# Math Help - Help needed in Mechanics 1- Potential energy!

1. ## Help needed in Mechanics 1- Potential energy!

Guys m stuck over these... help needed!

Q1. Particles of mass 1.2 kg and 1.4 kg hang at the same level, connected by a long light inextensible string passing over a small smooth peg. They are released from rest with the string taut. Calculate the separation of the particles when they are moving with speed 0.5 metres per second.
Ans: 0.325 m.

Q2. A particle of mass 2.2 kg rests on a smooth slope inclined at 30 degrees to the horizontal. It is connected by a light inextensible string passing over a smooth rail at the top of the slope to a particle of mass 2.7 kg which hangs freely. The particles are set in motion by projecting the lighter down a line of greatest slope with 4 metres per sec. Find the distance the particles travel before their direction of motion is reversed. Find the total energy gained by the hanging mass during this part of the motion, and hence find the tension in the string.
Ans.2.45m , 44.55 J, 18.2 N.

I am completely stuck at 1. However for the second question i am getting -2.45 m so there's probably some mistake in my approach to the question. And kindly guys, try to solve these with the help of energy conservation principle.

Thanks!

2. ## Re: Help needed in Mechanics 1- Potential energy!

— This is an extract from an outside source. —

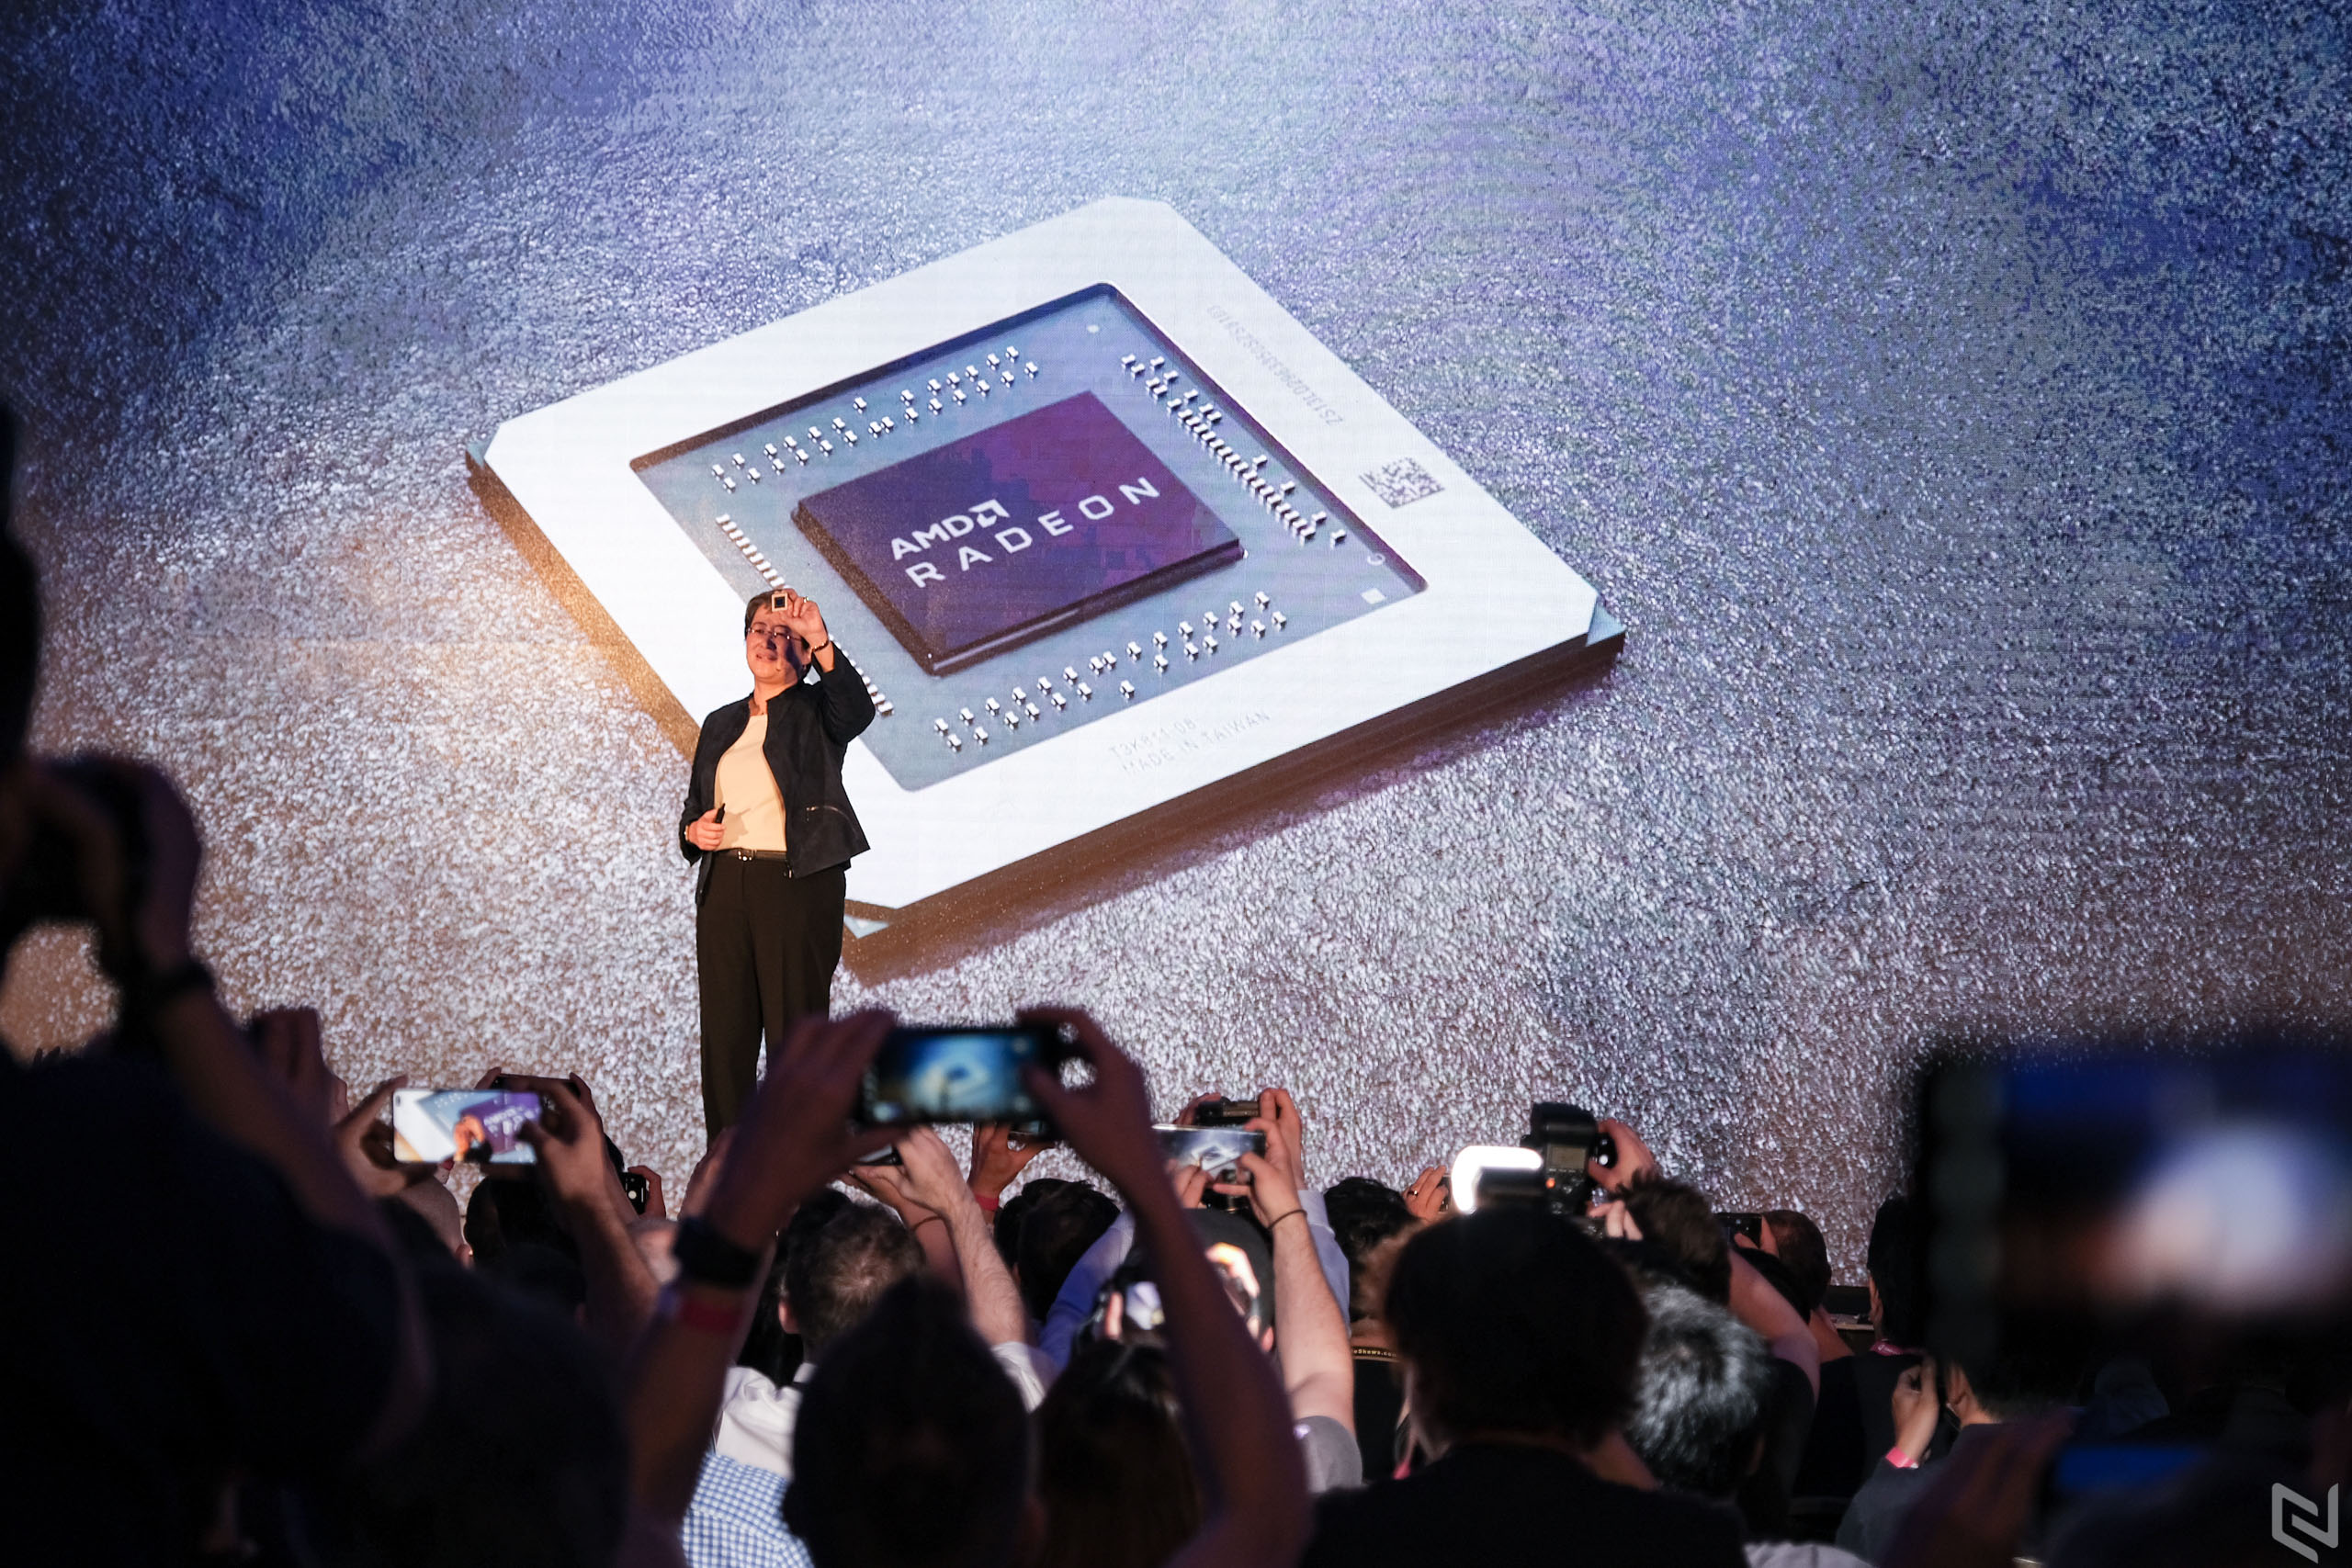 AMD ra mắt GPU dựa trên công nghệ Navi tiến trình 7nm đầu tiên - Radeon RX 5700 cho hiệu năng hơn RTX 2070 10%

(1) for simplicity, let the masses start their motion from rest at the same position ... mark this initial position as the zero for GPE.

total mechanical energy of the system = 0

after release, large mass falls a distance x ... its energy is $\frac{1}{2}Mv^2 - Mgx$

small mass rises the same distance x ... its energy is $\frac{1}{2}mv^2 + mgx$

sum of both energies = 0

$\frac{1}{2}Mv^2 - Mgx + \frac{1}{2}mv^2 + mgx = 0$

$\frac{1}{2}(M+m)v^2 = gx(M-m)$

$\frac{(M+m)v^2}{g(M-m)} = x$

Thank u

4. ## Re: Help needed in Mechanics 1- Potential energy!

They have taken g=10 to get x=0.325 So isnt the separation 2x=0.650?

5. ## Re: Help needed in Mechanics 1- Potential energy!

Let A be the 2.2 kg mass and B be the 2.7 kg mass Let x=required distance. I notice you are taking g=10
A loses PE 2.2*10*xsin30=11x A losesKE (1/2)*2.2*16=17.6 B loses KE (1/2)*2.7*16=21.6 So total loss of energy= 11x+39.2
Gain of energy is the PE of B =2.7*10*x=27x
So 27x=11x+39.2 16x=39.2 x= 2.45
B gains energy 27x-21.6 =44.55
Gain in energy of B = work done by tension T So Tx= 44.55 So T= 44.55/2.45= 18.2

6. ## Re: Help needed in Mechanics 1- Potential energy!

Originally Posted by biffboy
They have taken g=10 to get x=0.325 So isnt the separation 2x=0.650?

I still dont get it...

7. ## Re: Help needed in Mechanics 1- Potential energy!

Here's a different approach. (Nice solution BTW biffboy).
For the larger mass let down be the positive direction and suppose that the tension in the string is $T.$
Then, (F=ma),
for the larger mass
$2.7g-T=2.7a.................(1),$
and for the mass on the slope,
$T-2.2g\cos60=2.2a........(2).$
Adding, (and taking $g$ to be $10),$
$27-11=4.9a,$ so $a=16/4.9$
Now use one of the equations of motion for a body moving with constant acceleration $v^{2}=u^{2}+2as,$
and we have, when the large mass comes to rest,
$0=16+2(16/4.9)s,$ so $s=-16*4.9/(2*16)=-2.45$
(Since down is the positive direction, the negative sign reflects the fact that the larger mass has moved upwards before coming (momentarily) to rest.)
The gain in energy of the larger mass will be its gain in PE minus its loss in KE
$=2.7g*2.45-(1/2)2.7*4^{2}=44.55$
The tension in the string we can get from (1) or (2),
From (1), $T=2.7g-2.7a=27-2.7(16/4.9)=18.18$

8. ## Re: Help needed in Mechanics 1- Potential energy!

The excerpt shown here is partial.